-- Raw data follows --

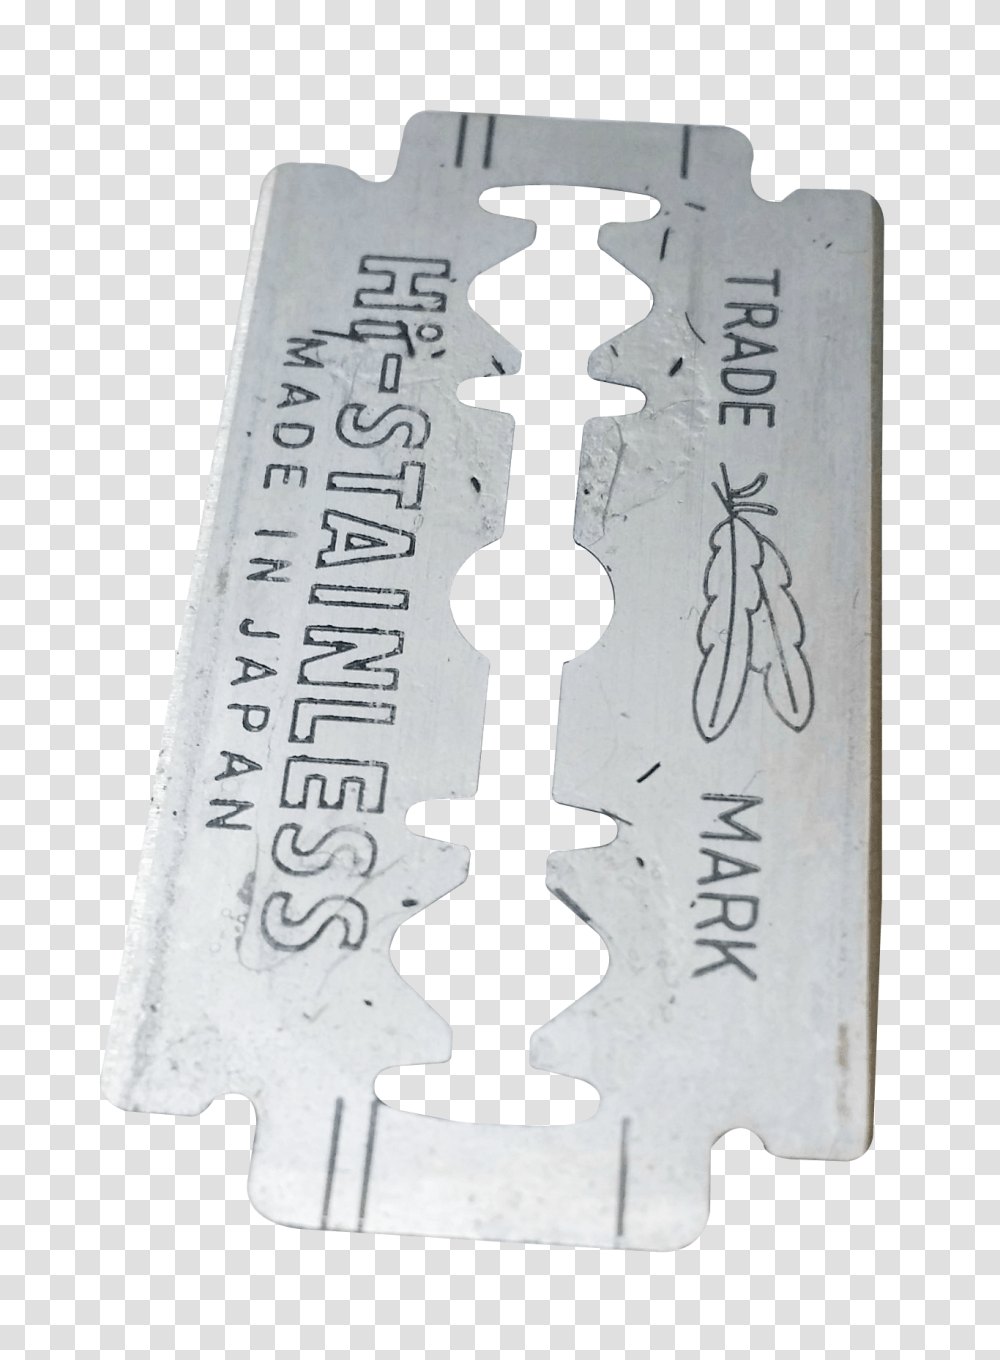 Razor Blade Image, Tableware, Weapon, Weaponry Transparent Png
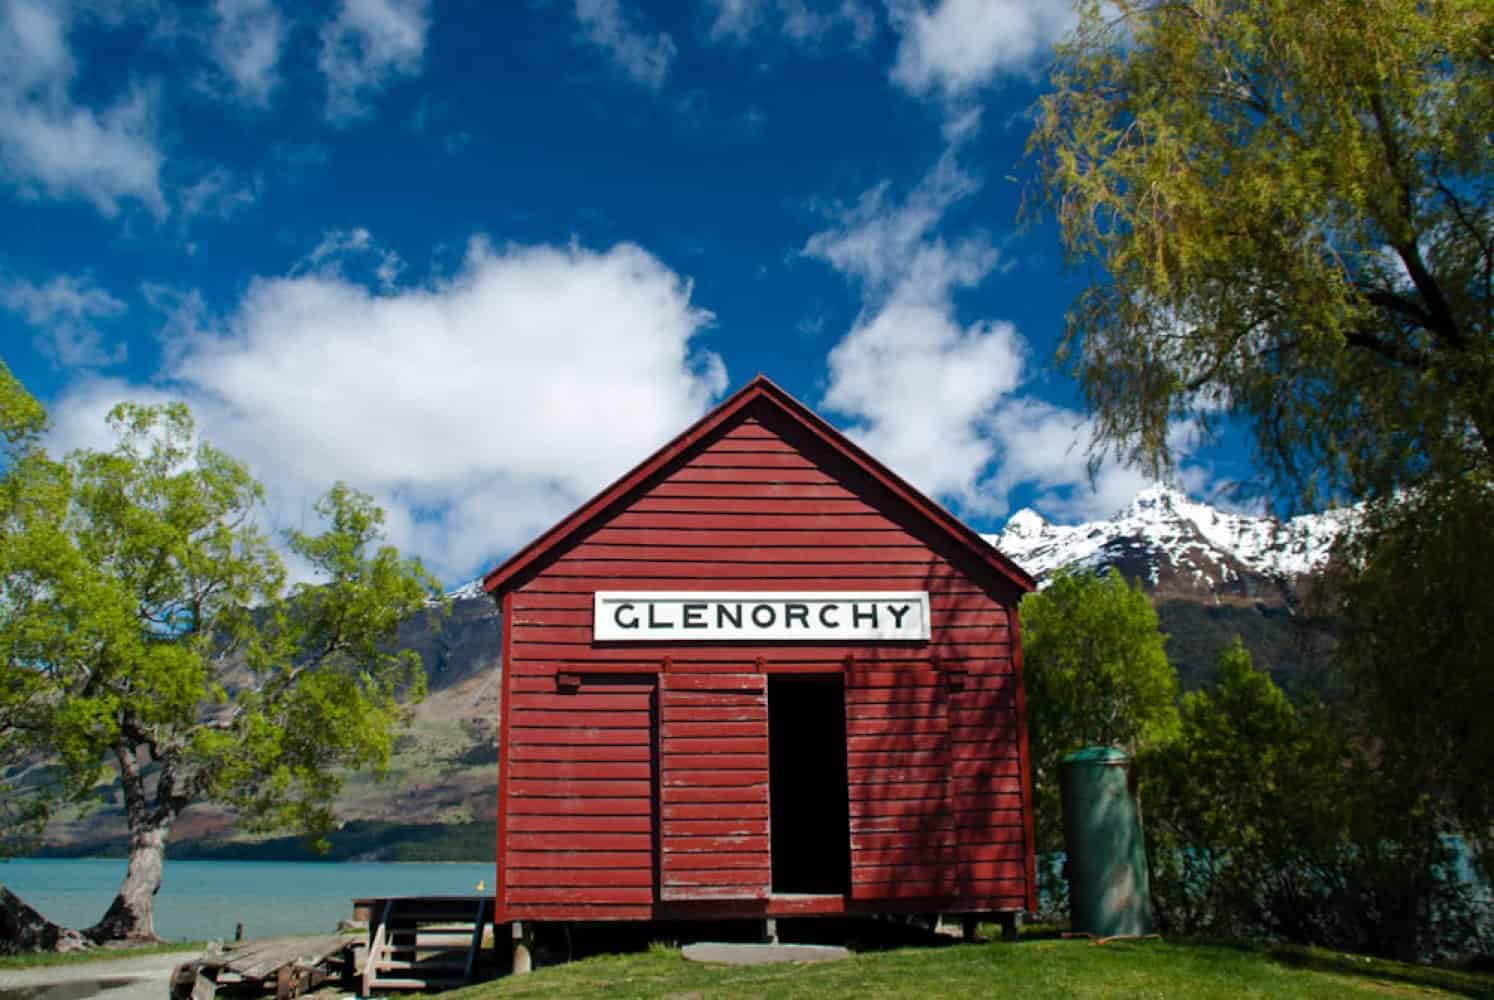 The famous red shed in Glenorchy Queenstown
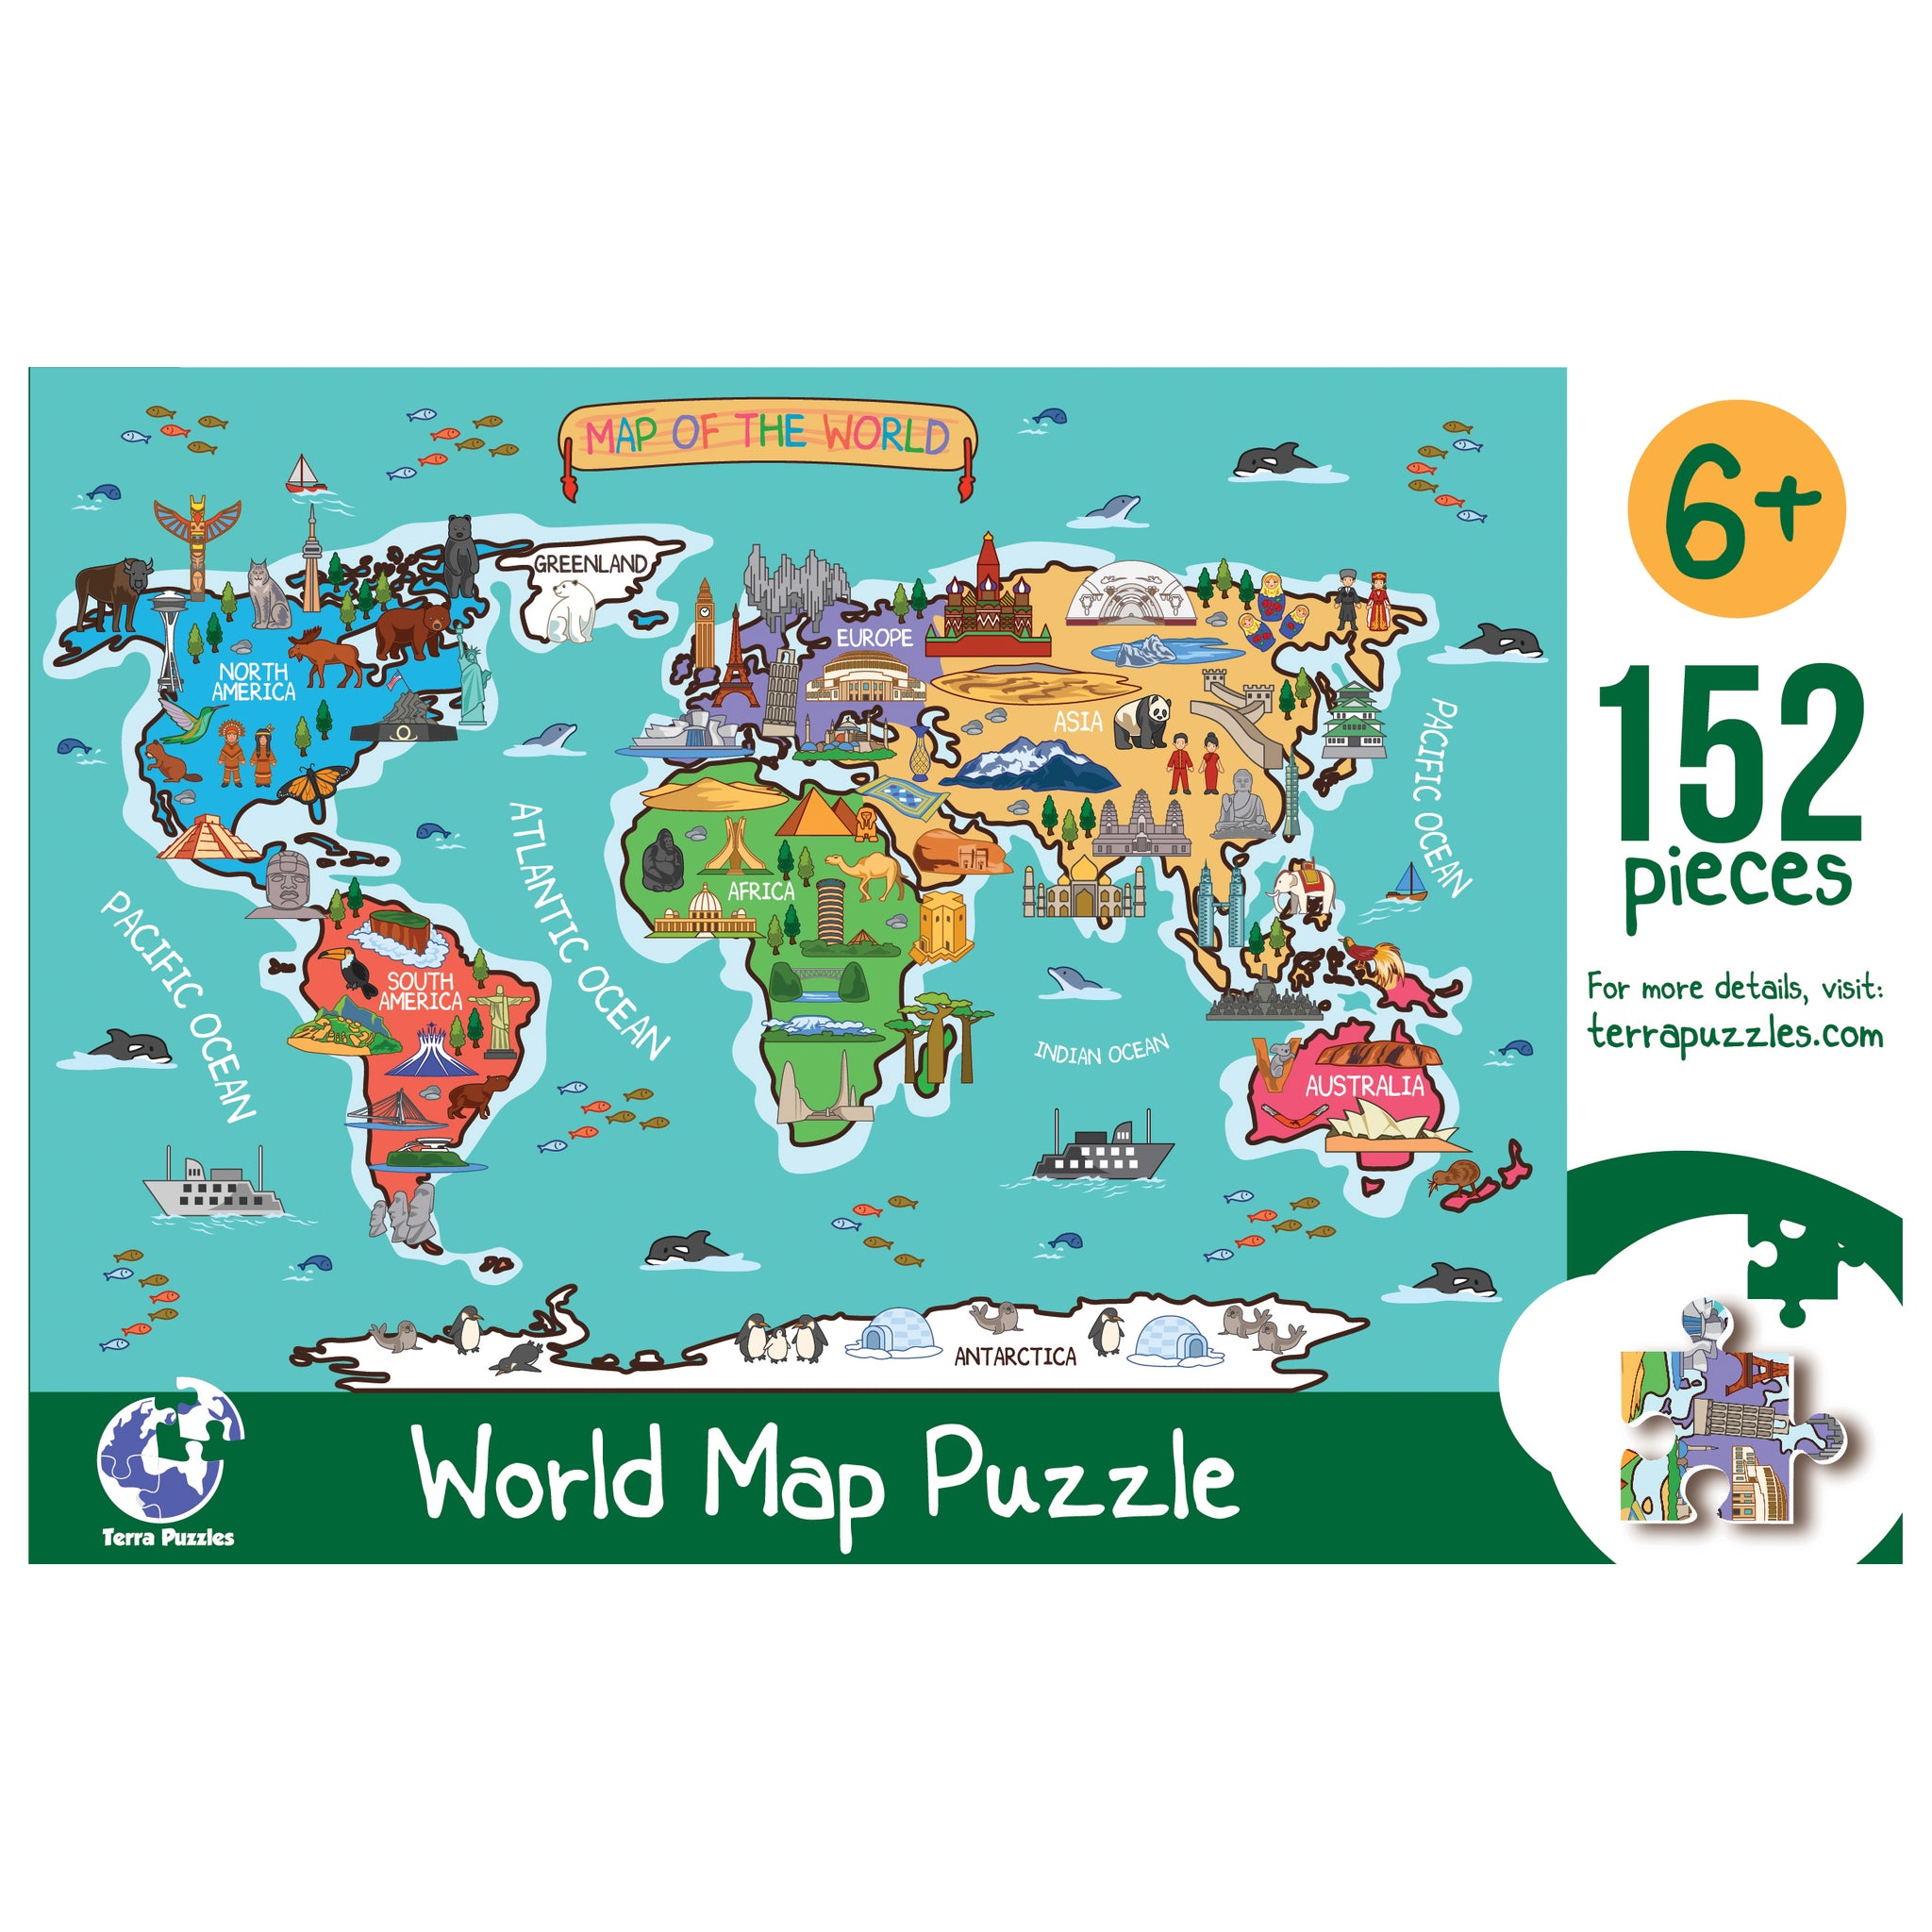 The World Map Wooden Jigsaw Puzzle

-- Raw data concluded --

### What is expected
Where the data includes pictures, leave them out and write out everything else exactly.

### Response
 Razor Blade Image, Tableware, Weapon, Weaponry Transparent Png
 The famous red shed in Glenorchy Queenstown
 The World Map Wooden Jigsaw Puzzle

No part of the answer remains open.